Selecting Soybean Cultivars for Dual Resistance to Soybean Cyst Nematode and Sudden Death Syndrome Using Two DNA Markers

Abstract

DNA markers for genes conditioning resistance to soybean [Glycine max (L.) Merr.] root infection by [Fusarium solani (Mart.) Sacc. f. sp. glycine (Burk.)] (Rfs1), sudden death syndrome (SDS), and soybean cyst nematode (SCN; Heterodera glycines Ichinohe; Rhg4 and rhg1) were previously identified in ‘Essex’ × ‘Forrest’. This study tests the effectiveness of those markers in selecting for disease resistance among recombinant inbred lines from ‘Flyer’ × ‘Hartwig’. A total of 535 among 739 lines were scored by two markers, providing four genotypes. A stratified random sample of 50 lines was evaluated for SDS by F. solani root infection severity at two locations and SCN race 3 index of parasitism in the greenhouse. Selection with BLT65 identified 281 among 671 lines with the genomic region that underlies Rhg4‐derived SCN resistance.

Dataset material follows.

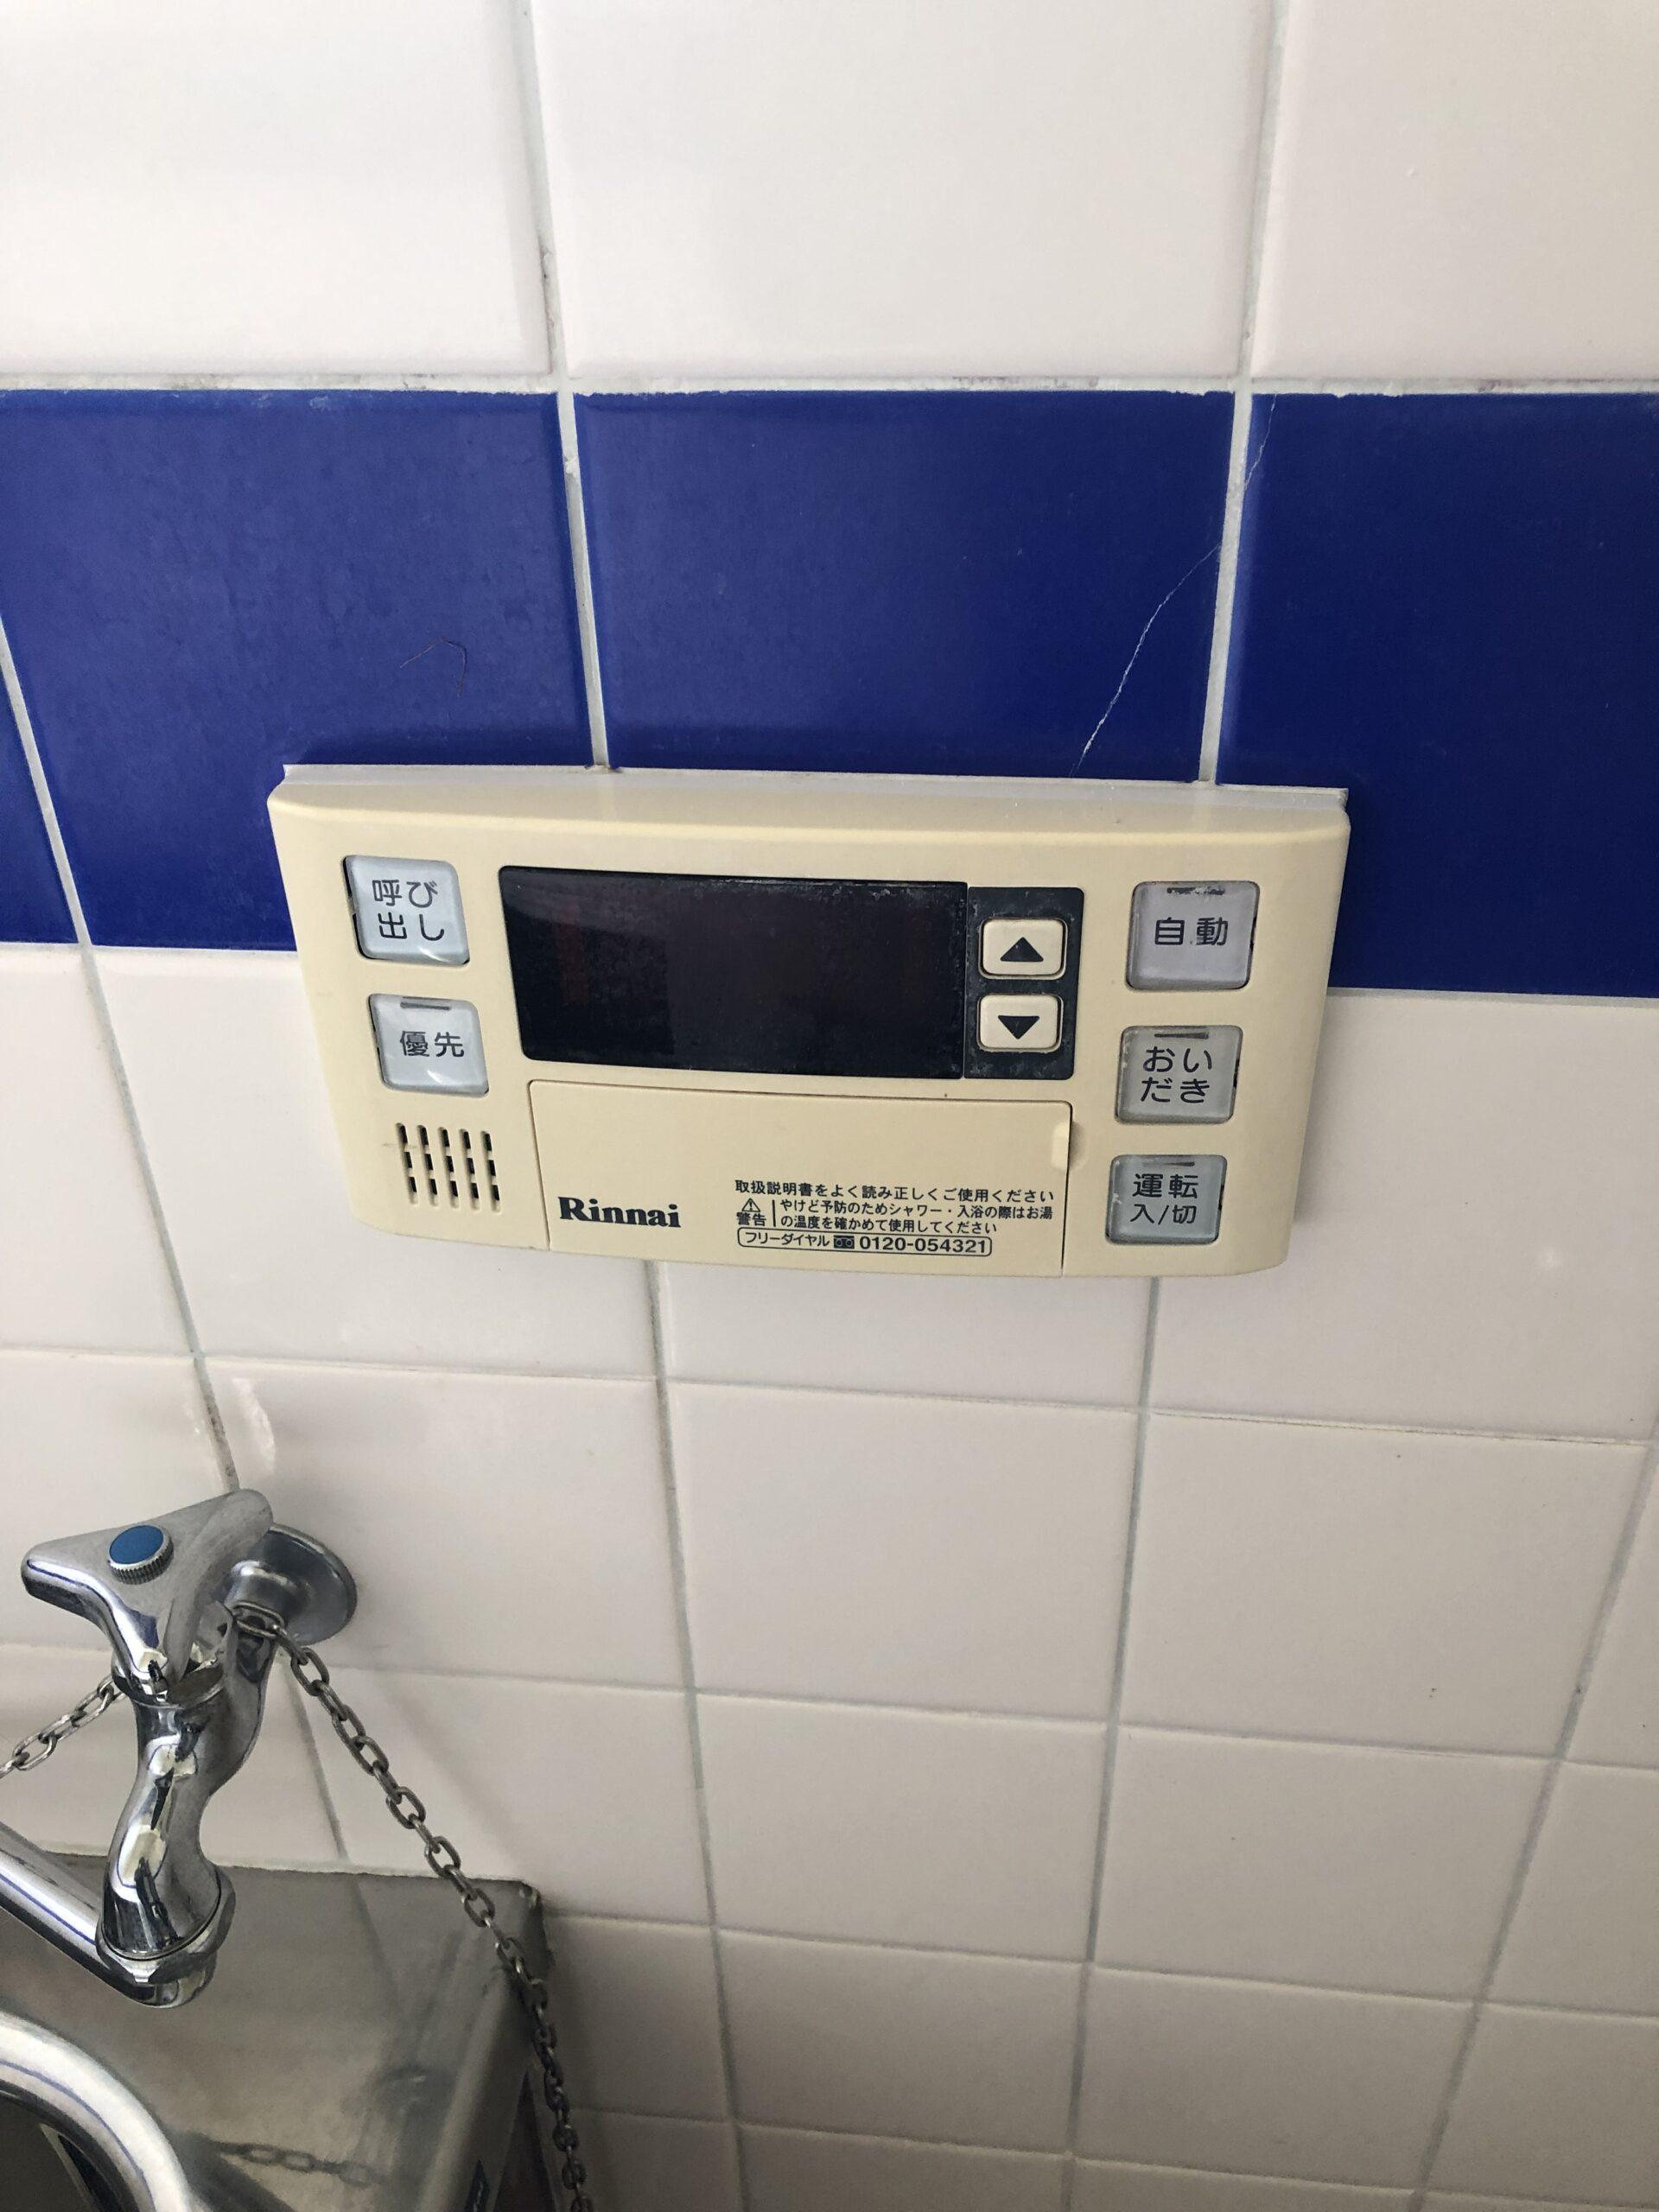 浴室リモコン交換前の写真

Selection with Satt038 identified 230 among 613 lines containing the genomic region that underlies resistance to SDS (rfs1) and rhg1 ‐derived SCN resistance. A total of 93 out of 535 lines had genomic regions that underlie resistance to both SDS and SCN in Essex × Forrest. Segregation of both markers was not random (P ≤ 0.05). Infection severity means for genotypes with the Hartwig allele at Satt038 (28–29%) were lower (P = 0.0001, R2 = 28%) than with the Flyer allele (31–42%); irrespective of maturity group. BLT65 was not associated with infection severity. Mean SCN index of parasitism was lower (P ≤ 0.05) only for genotypes carrying the Hartwig allele at both Satt038 and BLT65. Therefore, alleles conferring resistance to SDS and SCN in Essex × Forrest are transferable to other populations.